俺はお前のものだけど、お前は俺だけのものじゃない。


「―――どうして…そんな目をする?」
「…犬神……」
「どうして不安な目をする?」
「…それはお前が……」

「…お前が俺だけのものじゃないから……」


自然に零れた言葉に俺自身が戸惑った。こんなにあっさりとお前に告げるとは思わなかった。何時も胸の奥底に引っかかって言えなかった言葉。言う事が出来なかった言葉。
―――でも何故こんなにも今、すんなりと零れたのか?
押さえきれないほどに俺は…俺はこころが弱っていたのか?

「……俺だけの………」

その先を言おうとして、俺は言う事が出来なかった。言う前に俺の言葉はそっと。そっとお前の唇の中に閉じ込められてしまったので。それは。それは切なくなるほどに優しいキス、だった。

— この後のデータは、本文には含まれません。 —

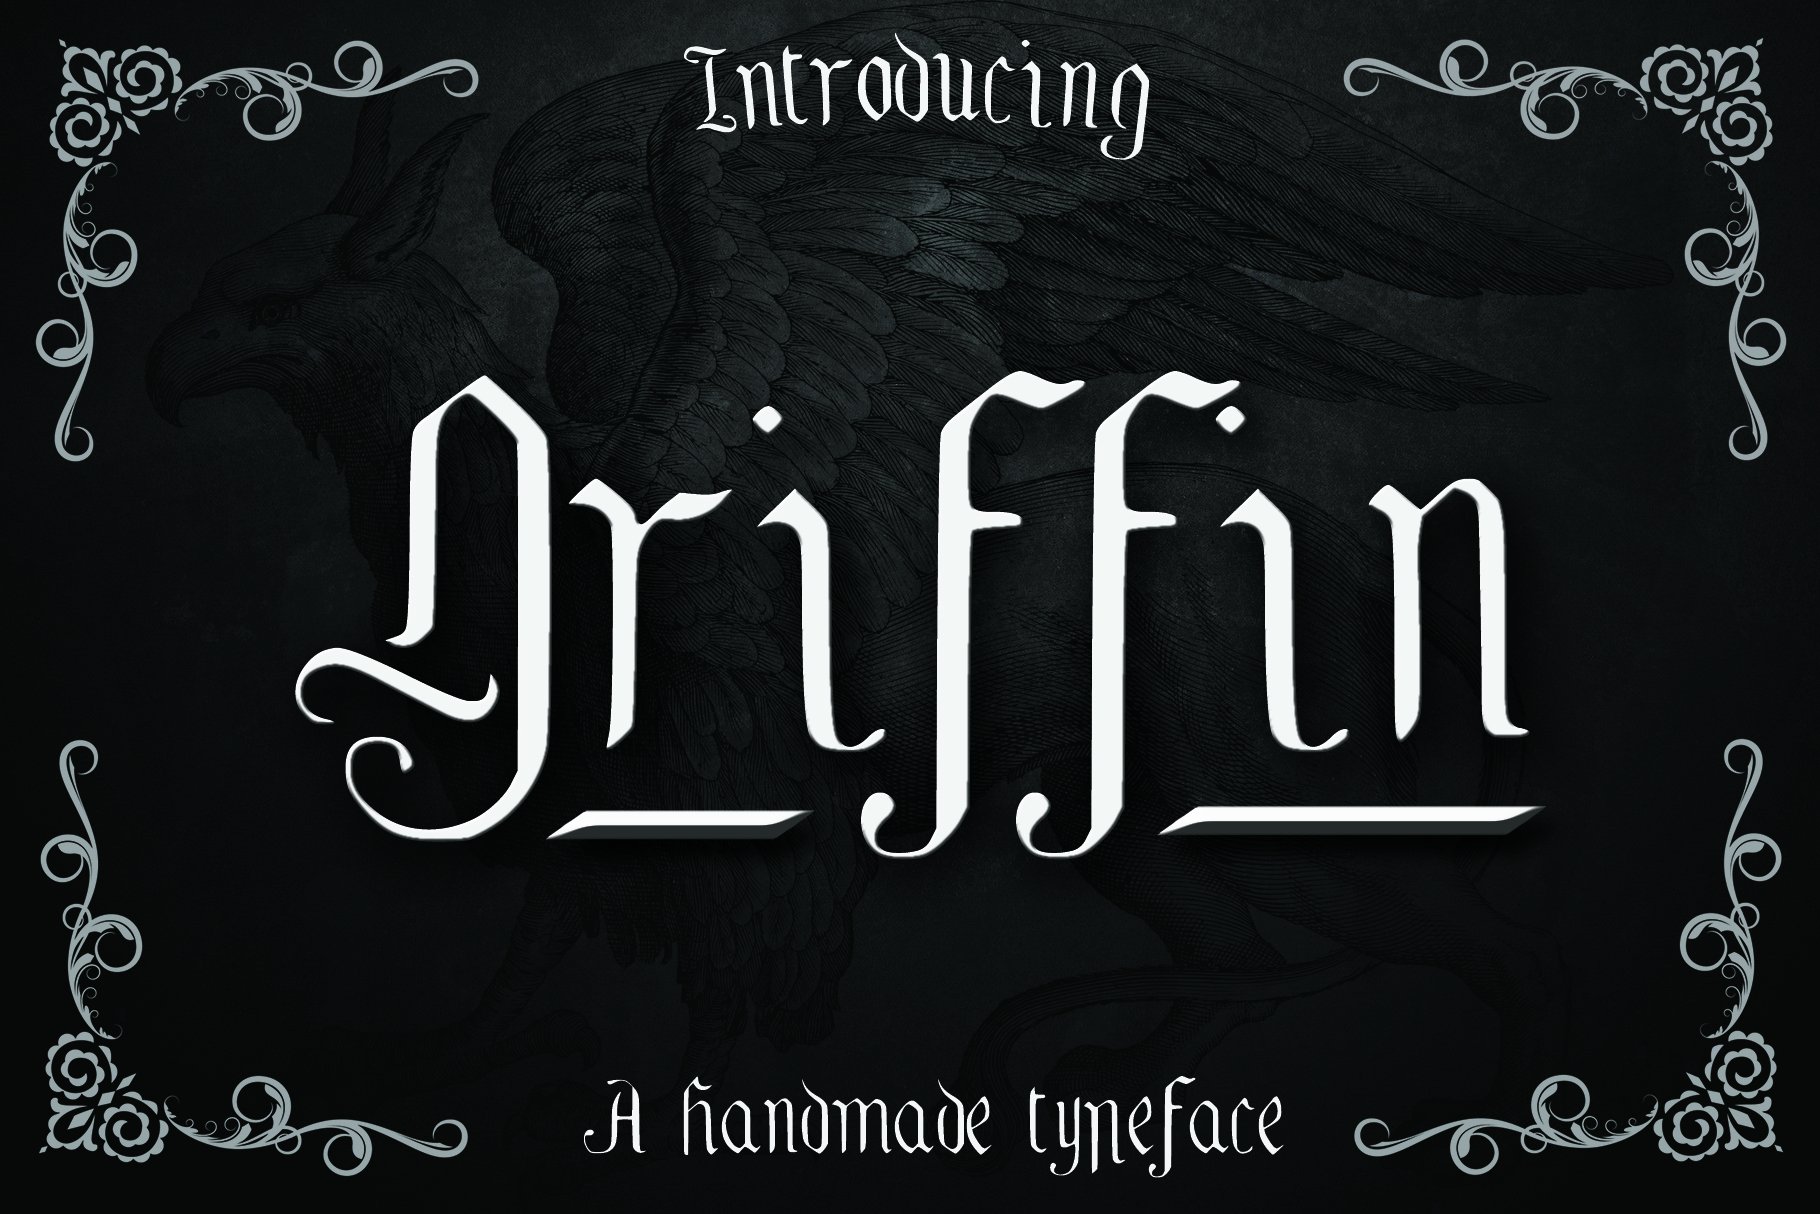 GRIFFIN, a Blackletter Typeface cover image.

唇が離れて、そして抱きしめられた。その優しさに、その暖かさに俺が驚くほどに。だってそれは俺が今まで知らなかったお前の腕の中にある優しさ…だったから…。
「―――なんで、そう思う?」
耳元に降ってくる声も。声すらも、優しい。優しすぎて俺は、泣きたくなった。ただ泣きたくなった。
「…だって…お前は俺よりずっと…ずっと長く生きていて…お前の腕の中にはたくさんのヤツがいて…俺はその中の独りでしかなくて……」
「どうしてそう決め付ける?」
「だってそうだろう…お前にとったら俺との時間なんて瞬きするよりも短けー時間なんだからっ…何時しか俺が死んだら…お前はまた次の相手を見つけて、そして…そしてまた…」
バカだけど、俺には一生の想いなんだ。けれどもお前は一瞬の想いでしかない。どんなにどんなに俺がお前を好きでも…ずっと一緒にはいられないんだから。
「そしてまた…お前はこうやって誰かを自分だけのモノにするんだろう?」
―――ずっと一緒に…いられないから……

その言葉にもう一度俺は口付けられた。
それは。それは全てを奪うような激しい口付け。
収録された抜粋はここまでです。